A large, angry man accosted me in the street earlier — demanding my money…
Fortunately, I’ve watched a lot of Scooby Doo — and, so, adopted the manner of a dictatorial French barber. And, whilst the man grudgingly seated himself for an impromptu trim, I made my escape.
[waterloo]
napoleon: wow. that was really embarrassing
general: yea
napoleon: hope nobody writes a song about this
I would be a workaholic but I can’t stand the taste of workahol.
I’m on a train and the driver just announced that he forgot to stop at St Albans and is very sorry to anyone that wanted to get off the train there, and that the next stop would be St Pancras. “That one’s entirely on me,” he added. 😬
We should just put the White House on airbnb for 3 million a weekend.
Shout out to coworkers that wait until the final 5 minutes of a meeting to ask 20 questions. We all hate you
*puts ex in Memory Lane*
*revs car engine*
the chicken crossed the road for the same reason everyone else does— to avoid running into someone it knew
Waiter: What dressing would you like on your salad?
Me: Ice cream
I often choose gift bags instead of wrapping, not just out of laziness, but also because I have the fine motor skills of a drunken panda.
My kid just started to learn how to play the drums and for 5 dollars I can send you a sound file to use as a method of torture for those coworkers who cook fish in the microwave
Yesterday I said the words “clink the lick” instead of “click the link” because my mouth likes to prank me
If you’re having a bad day, it’s because Mercury is in ketosis.
ME: please show me the posts in the order that they were made
COMPUTER: thats too hard. heres some tweets i think are good. Do you like this
me: i’d like to go to this place
google maps: u walking? i bet ur walking
me: no i’m driv-
google maps: it’s gonna take u 5 hours hope ur wearing comfy shoes
how much for the angry fruit?
I don’t know why movies bother to use fake blood when our bodies are absolutely filled with their own renewable supply
no i don’t subtweet, i voodoo doll like a real adult.
*gets into trouble*
Trouble: Wrong hole.
Me: God grant me the serenity.
God: What was that? I couldn’t hear you over your screaming kids.
If you’re worried that technology will take over remember humans develop technology & we’re surprised how hot it is in the summer. Always.
[at restaurant]
me, in my head: i want the pasta. i want the pasta. i want the pasta.

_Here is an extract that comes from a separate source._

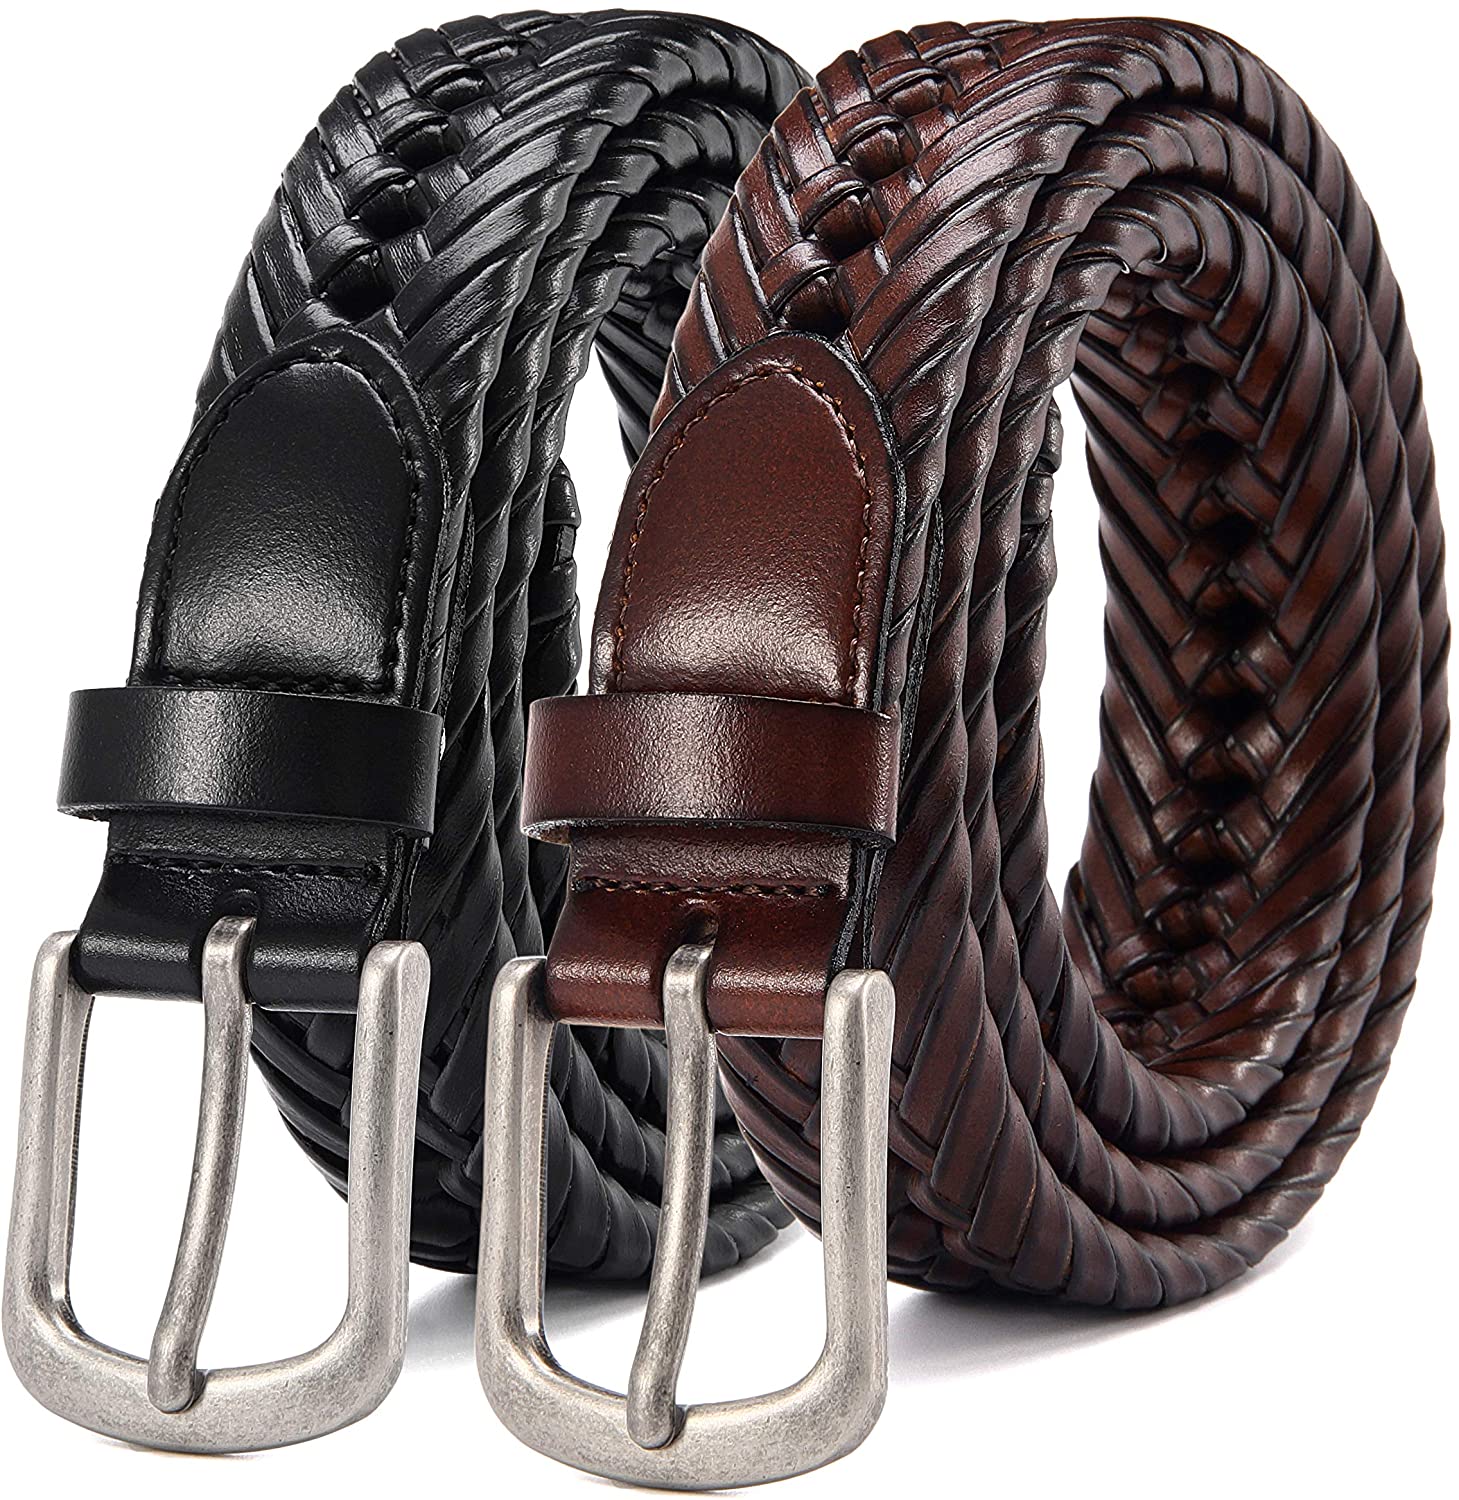 Mens Braided Leather Belt 2 Pack 1 1/4, Chaoren Braided Woven Belt for  Casual a

waiter: what can i get you?
me: *scrambling to open menu* uhhhhhhhhhhhhhhhhhhhhhhhhhhhhhhh i’ll have the uhhhhhhhhhh
My former lover describes his beloved: “She’s amazing in a hundred different ways.” My guy describes me: “Chatty.”
My 5yo niece when I win the game she just made up
Yes, I would like to see a wine list, because I don’t mispronounce enough words in my day-to-day life.